Complete example: choosing interaction order with k-fold CV¶
The following example runs 5-fold cross-validation across interaction orders 1 through 4, then picks the order with the highest mean test R^2.
import numpy as np
from epistasis.validate import k_fold
from epistasis.models.linear import EpistasisLinearRegression
# Assume `gpm` is your loaded GenotypePhenotypeMap
rng = np.random.default_rng(0)
results = {}
for order in range(1, 5):
model = EpistasisLinearRegression(order=order, model_type="global")
fold_scores = k_fold(gpm, model, k=5, rng=np.random.default_rng(0))
mean_r2 = float(np.mean(fold_scores))
std_r2 = float(np.std(fold_scores))
results[order] = (mean_r2, std_r2)
print(f"Order {order}: mean R^2 = {mean_r2:.3f} +/- {std_r2:.3f}")
best_order = max(results, key=lambda o: results[o][0])

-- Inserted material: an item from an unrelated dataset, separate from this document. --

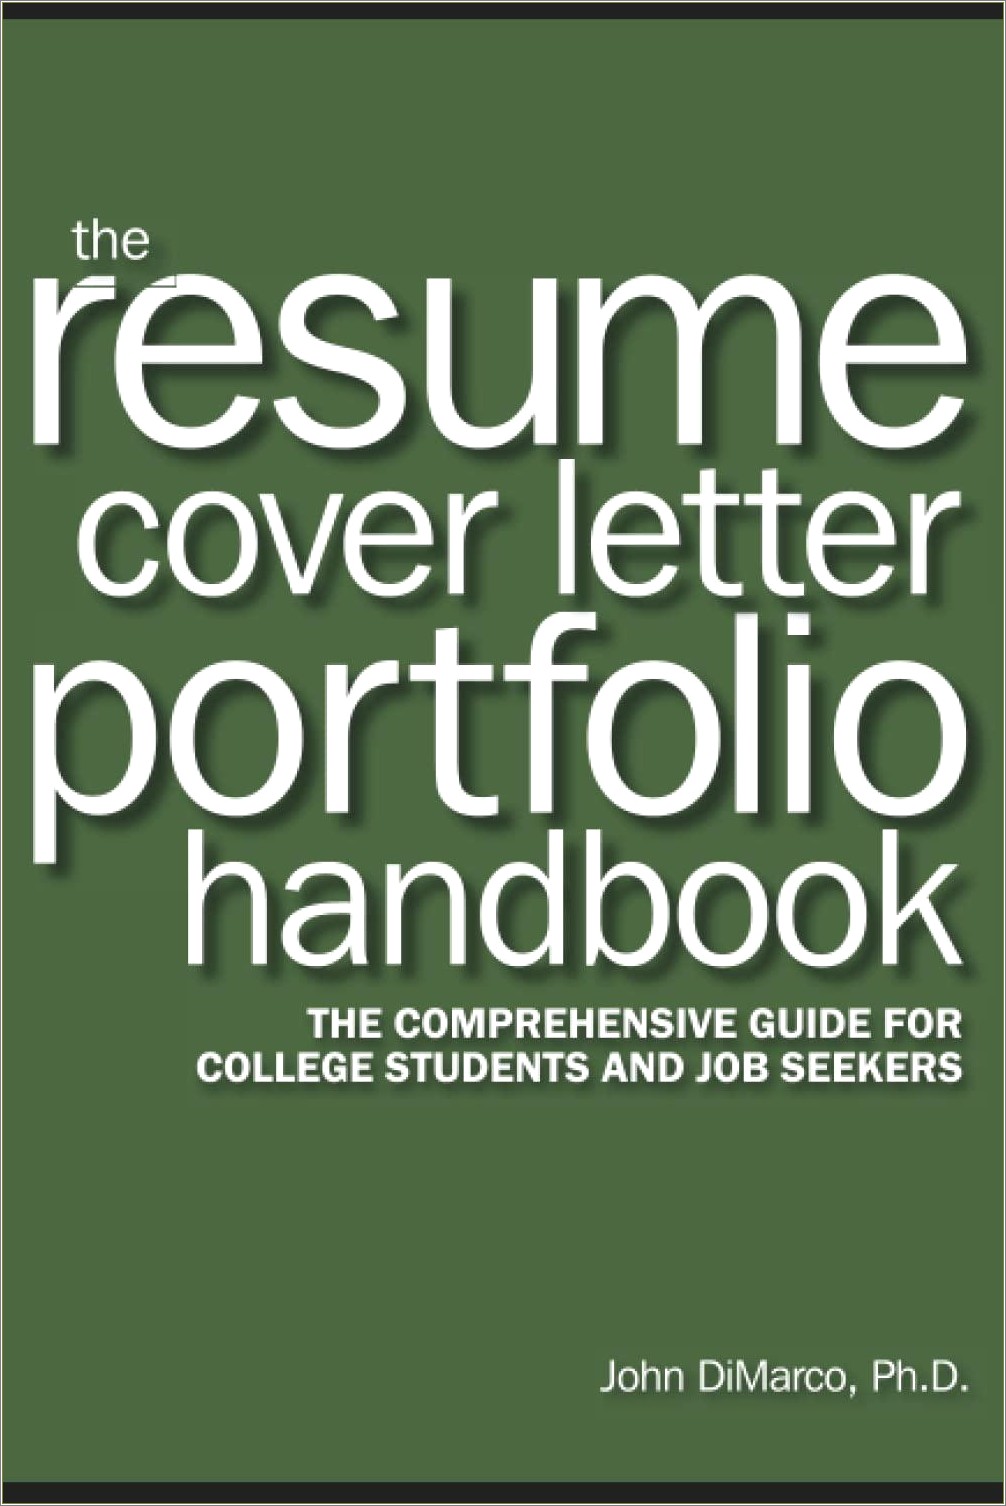 Put Portfolio In Resume Or Cover Letter
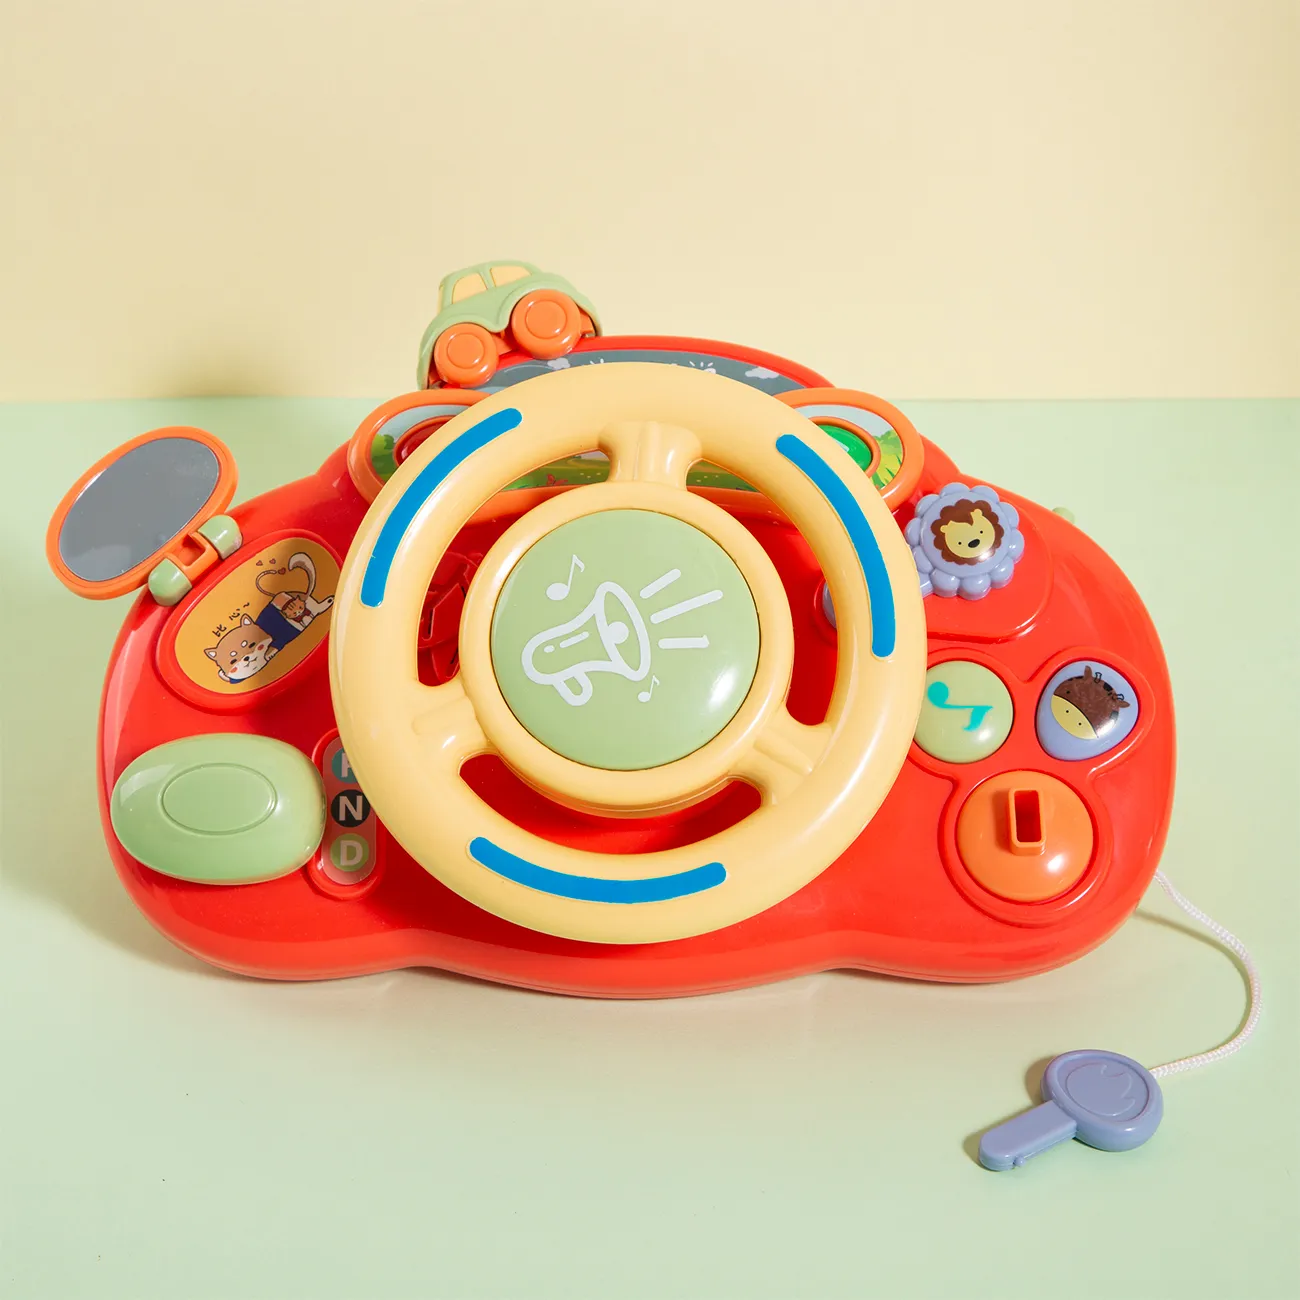 volante de juguete para niños pequeños con luces y sonidos simular la conducción de un coche de dibujos animados volante de conducción de juguete Color-A big image 1

print(f"\nBest order by CV: {best_order}")
Warning
Pass a fresh model instance to each k_fold call. Reusing the same fitted model object will cause the fold evaluation to start from a previously fitted state, which can silently inflate your scores.
Tip
Look for test R^2 that flattens or drops as you increase order. That is the signature of overfitting. A small gap between train R^2 (from holdout) and test R^2 is normal; a large gap at the same order is a sign to apply regularization with EpistasisLasso or EpistasisRidge instead.
Comparing train and test R^2 with holdout¶
To visualize the train-test gap across orders, combine holdout with a simple mean summary:
import numpy as np
from epistasis.validate import holdout
from epistasis.models.linear import EpistasisLinearRegression
for order in range(1, 5):
model = EpistasisLinearRegression(order=order, model_type="global")
train_scores, test_scores = holdout(gpm, model, fraction=0.8, repeat=10, rng=np.random.default_rng(1))
print(
f"Order {order}: "
f"train R^2 = {np.mean(train_scores):.3f}, "
f"test R^2 = {np.mean(test_scores):.3f}"
)
When the train R^2 is high and the test R^2 is considerably lower, the model is memorizing training phenotypes rather than learning transferable epistatic structure.